# What to produce:
The answer must be an exact reprint of the lines from the one with "Casio Pro trek prg-600yl montres de sport" through the final line of the data, with no pictures included.

# Material provided:
──────────────────────────────

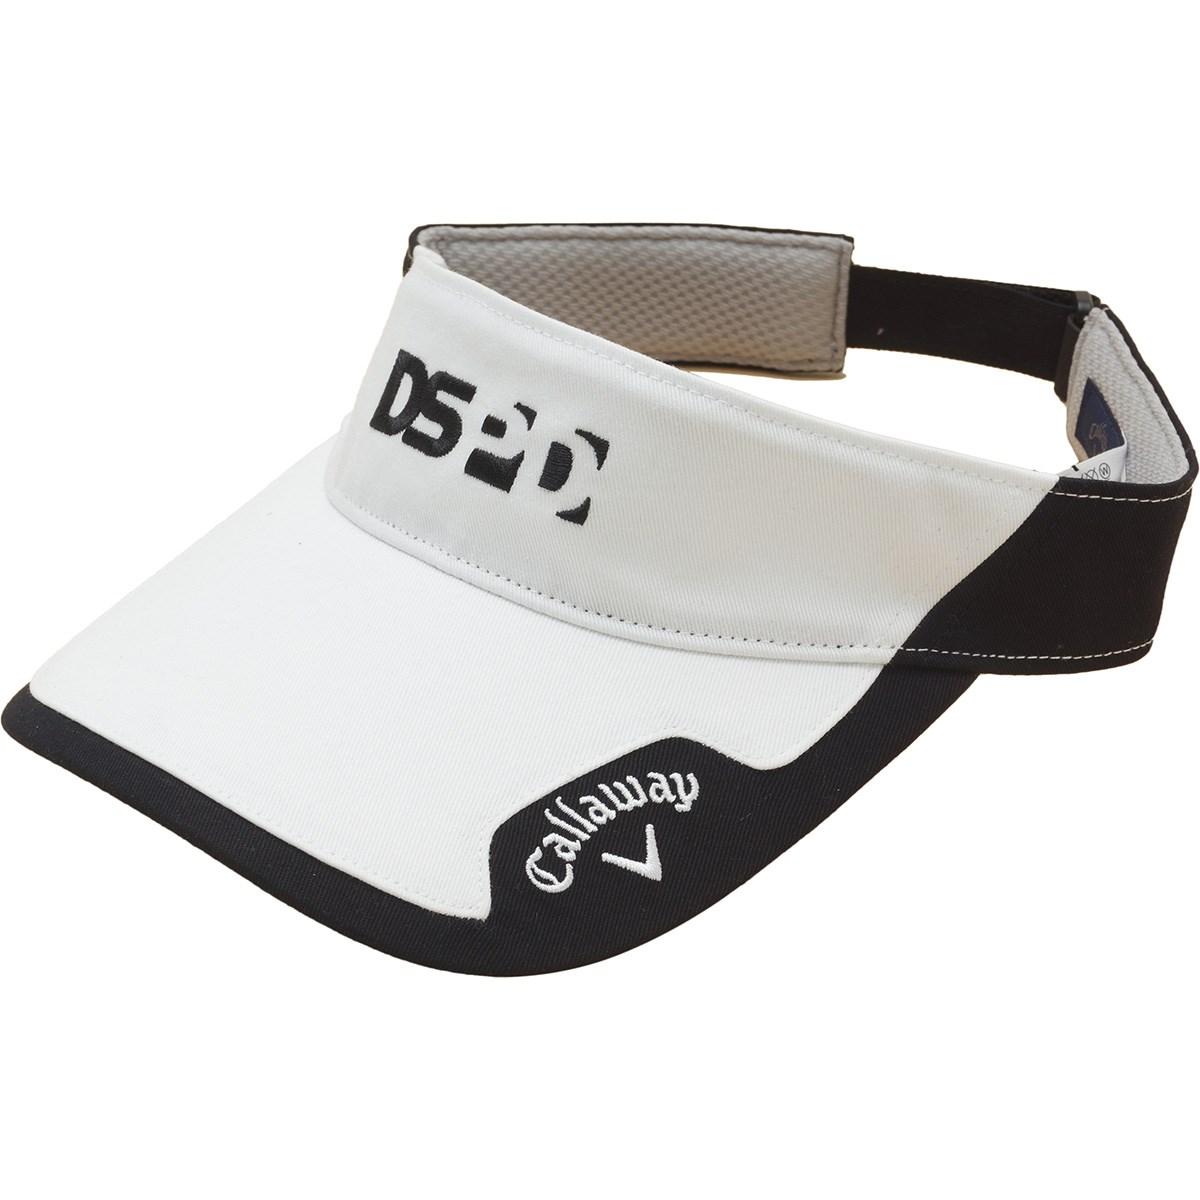 キャロウェイゴルフ(Callaway Golf) DSPD MOTIF サンバイザー
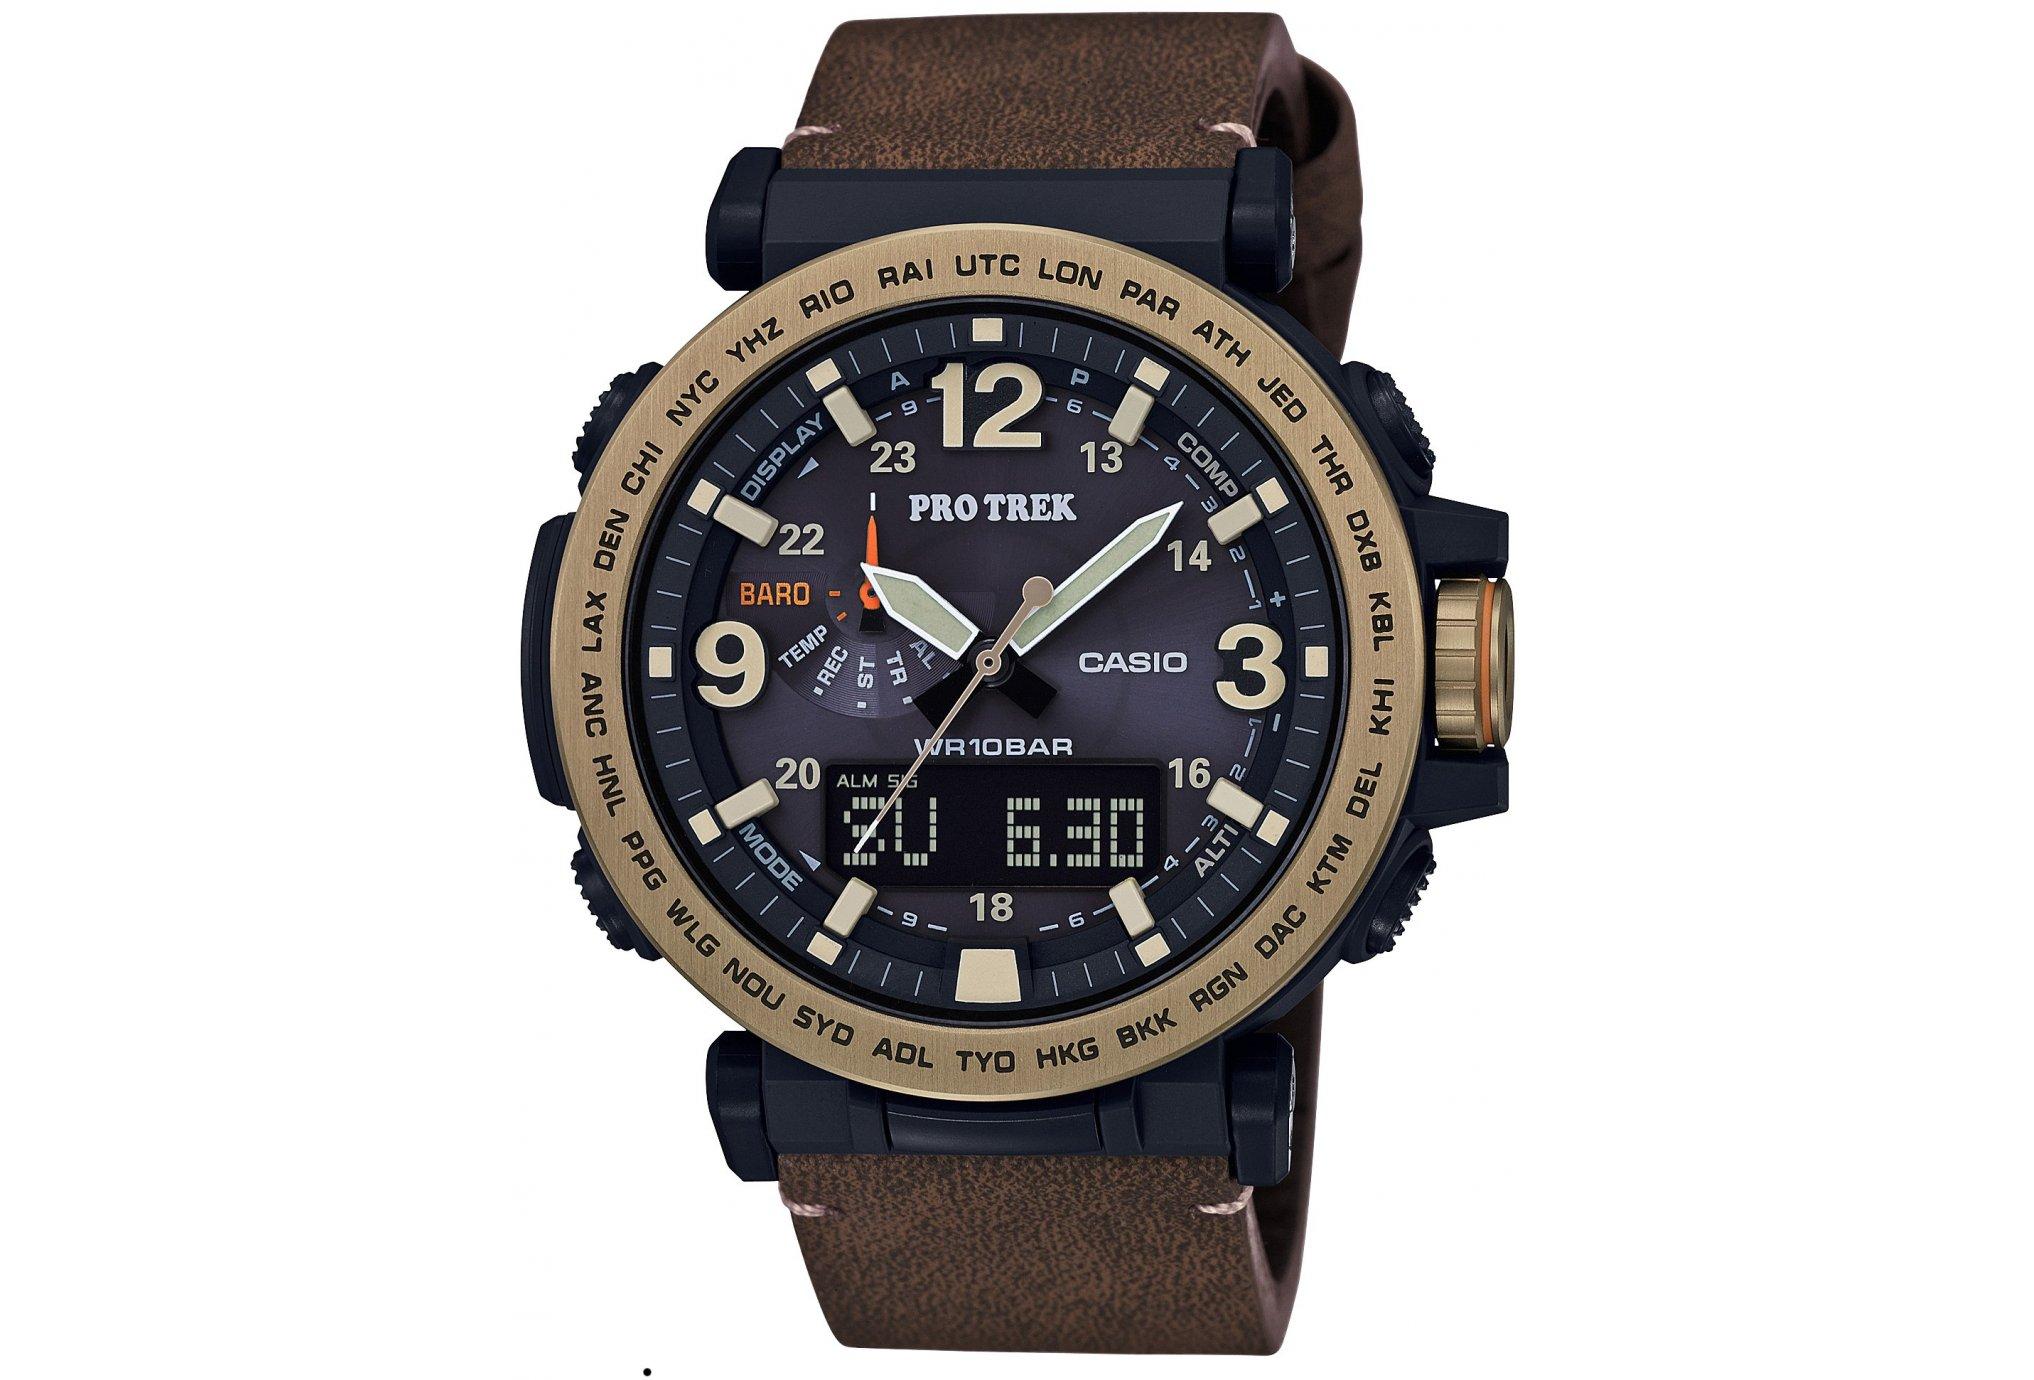 Casio Pro trek prg-600yl montres de sport
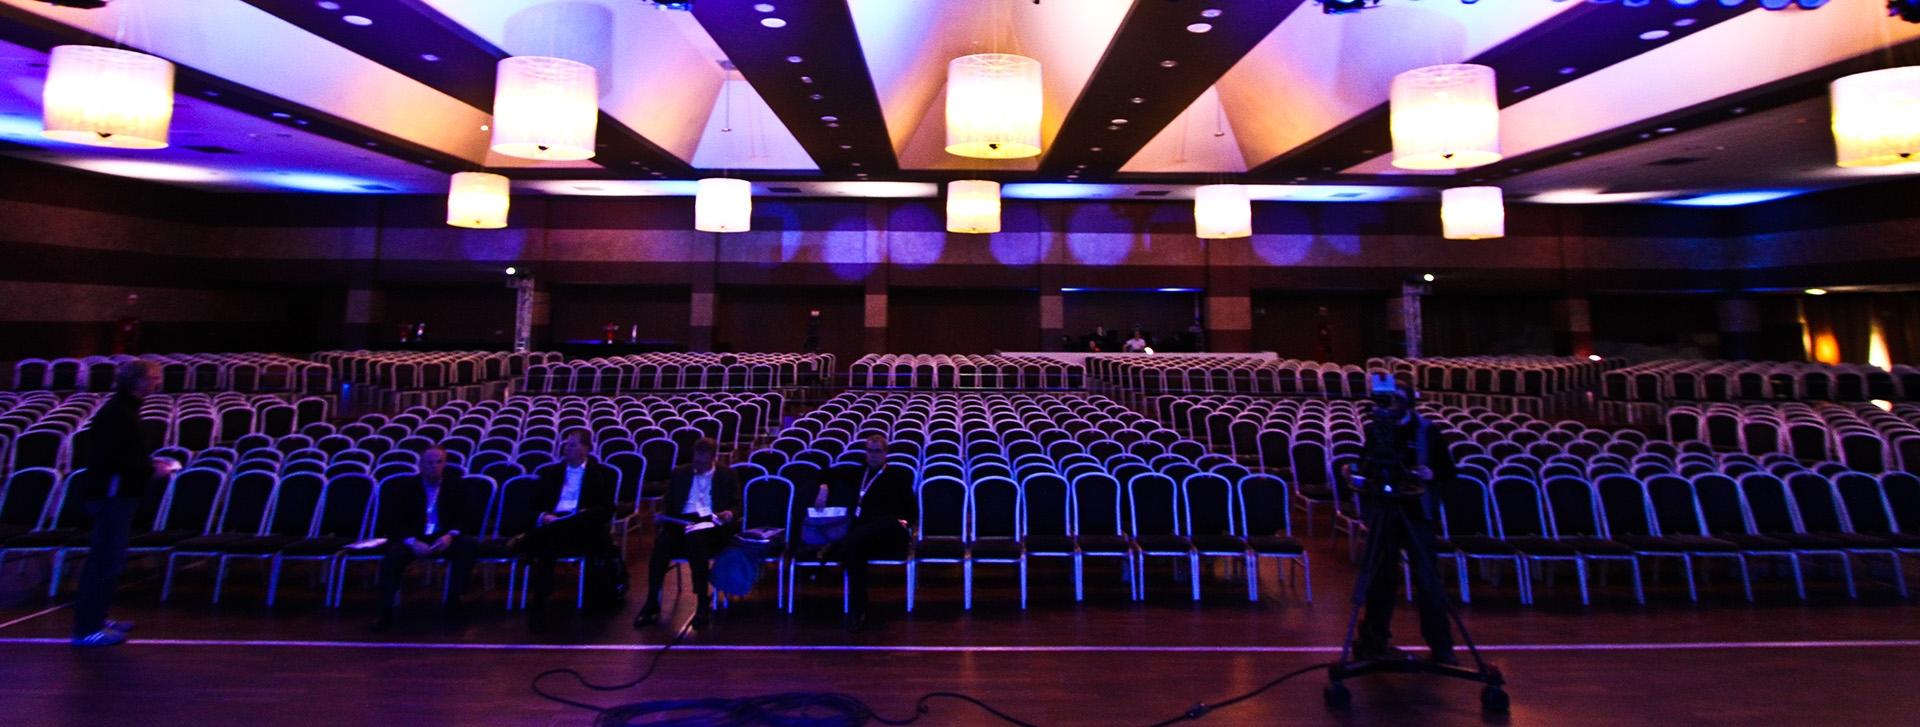 Auditorium_00026

──────────────────────────────

# Response to this task:
 Casio Pro trek prg-600yl montres de sport
 Auditorium_00026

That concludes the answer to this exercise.